Hey folks,
To make temporal workflows list and its web equivalent usable again, I reduced the retention period from 30d to 7d and submitted two batch jobs to delete workflows older than 7d. Both batch jobs completed successfully, reporting to have deleted all of those old workflows, but I’m still seeing many workflows that closed before the cutoff date.
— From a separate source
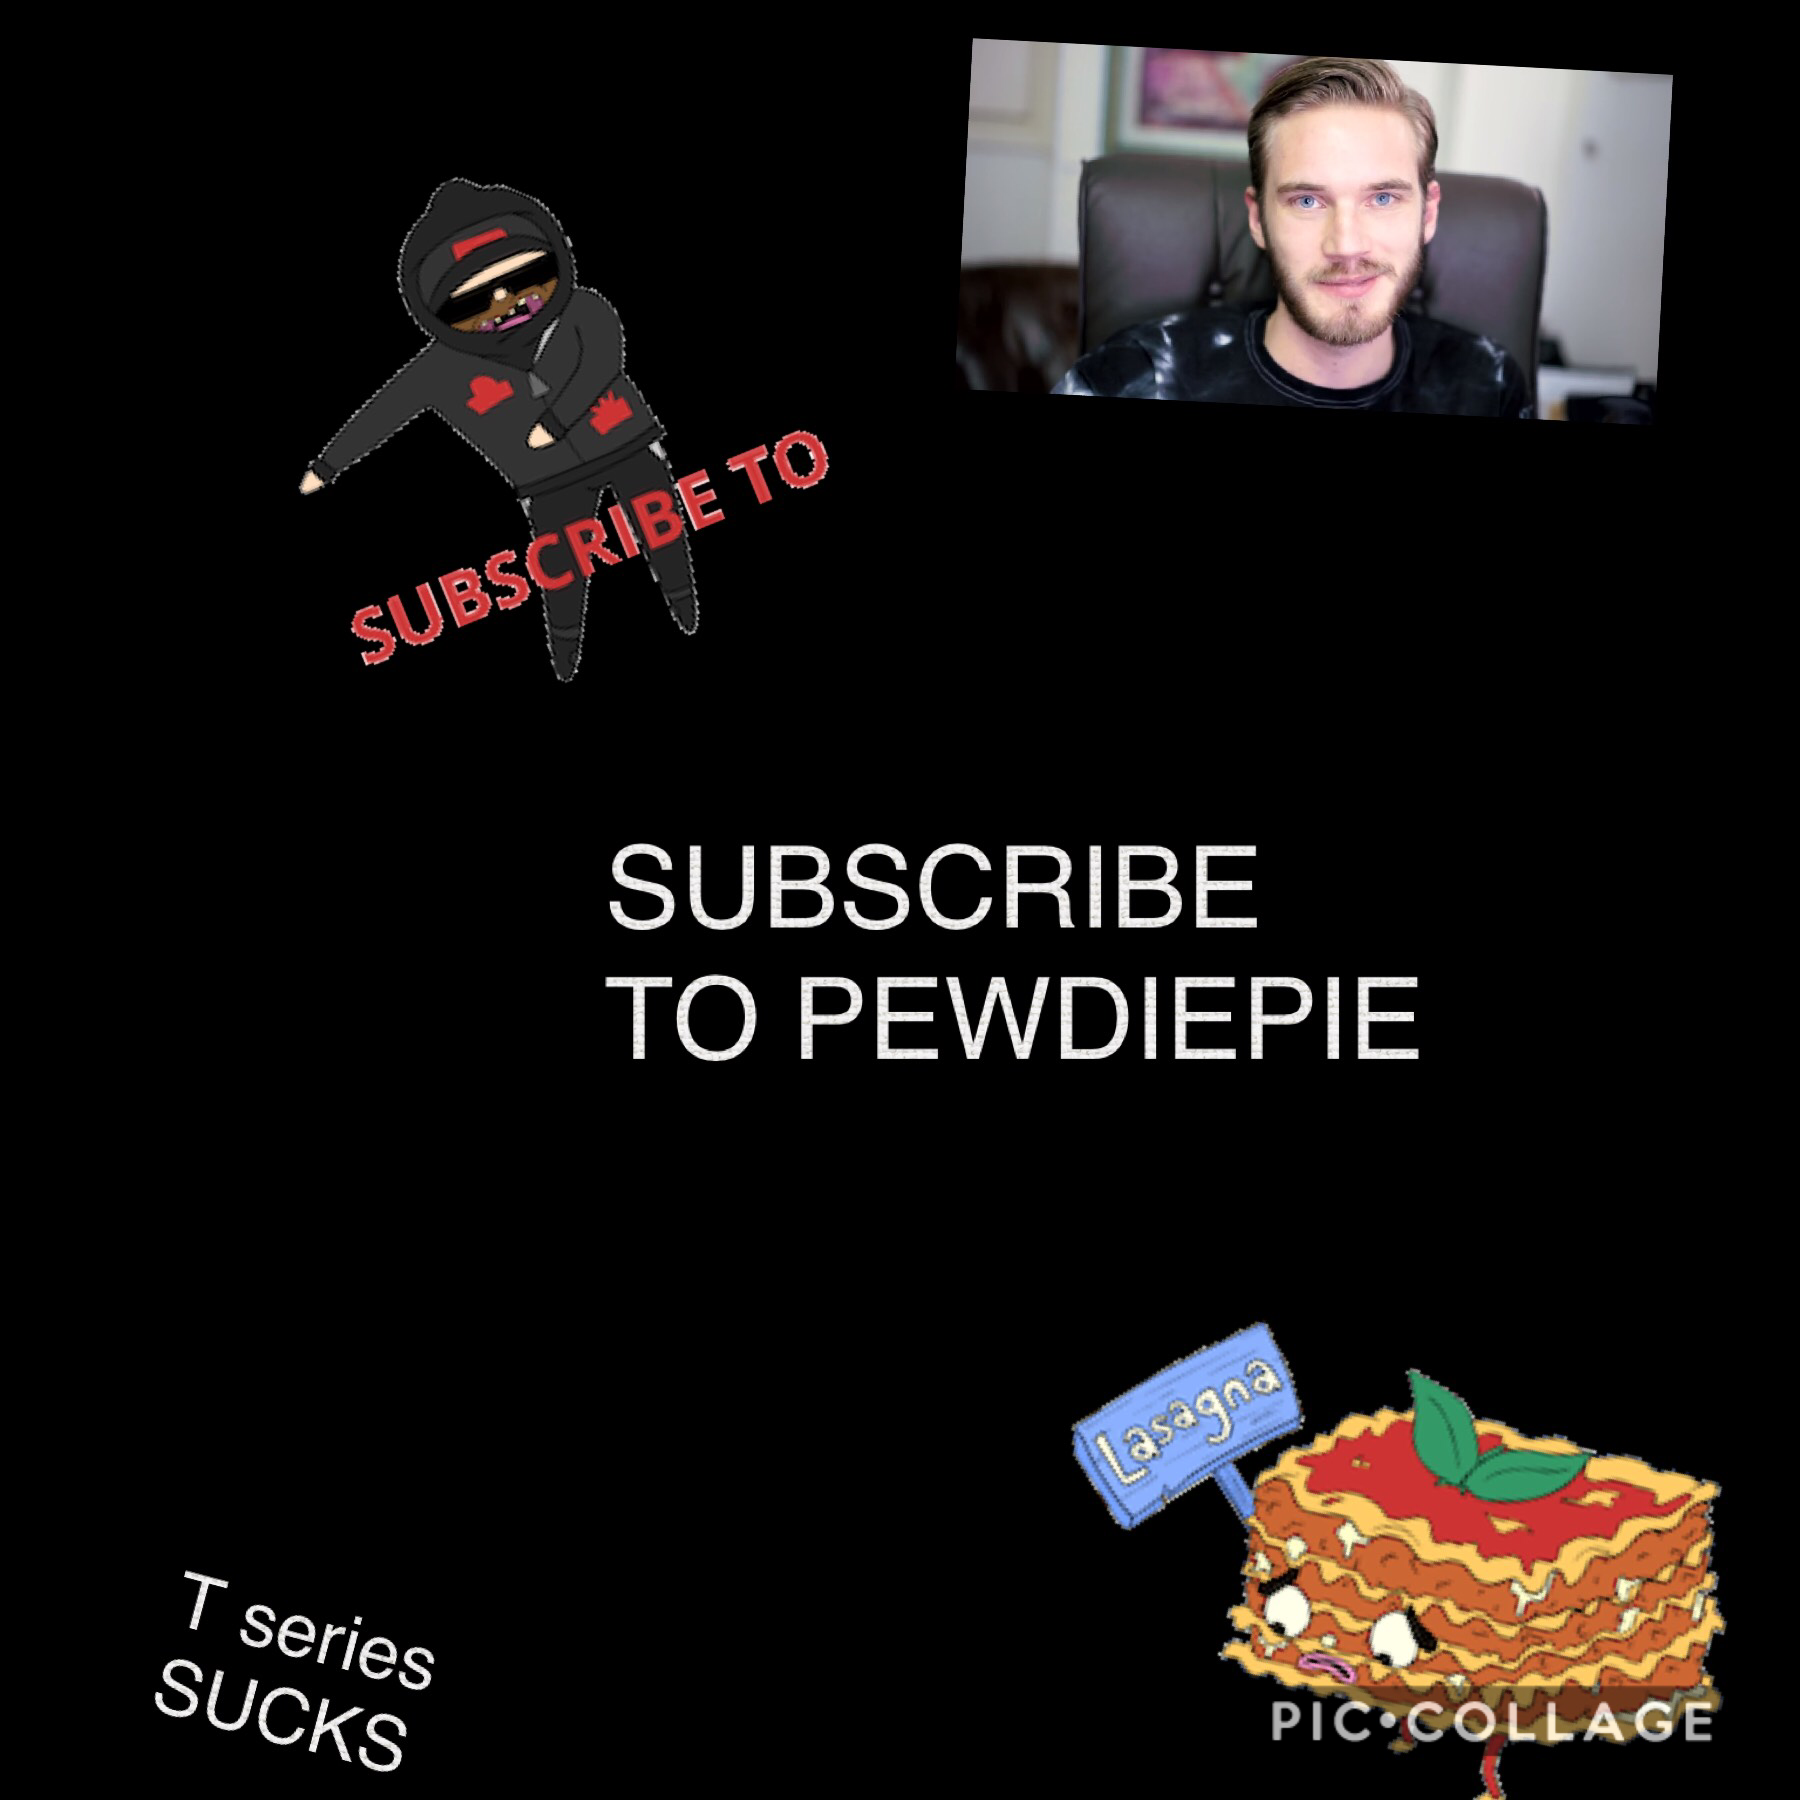 SUBSCRIBE TO PEWDIEPIE

Before running the batch job, I ran temporal workflow count, which reported 594,313 workflows closed before the 7d cutoff date (--query 'CloseTime < "2025-07-22T23:59:59Z"'). As of this writing, the same command reports 283,507 workflows, so only half appear to have been deleted.
Batch job #1
I started with a smaller batch to get a sense of how Temporal and its DB would handle a bigger batch, so I deleted records older than 1st July, which means we had around one week’s worth of workflows given the original 30d retention.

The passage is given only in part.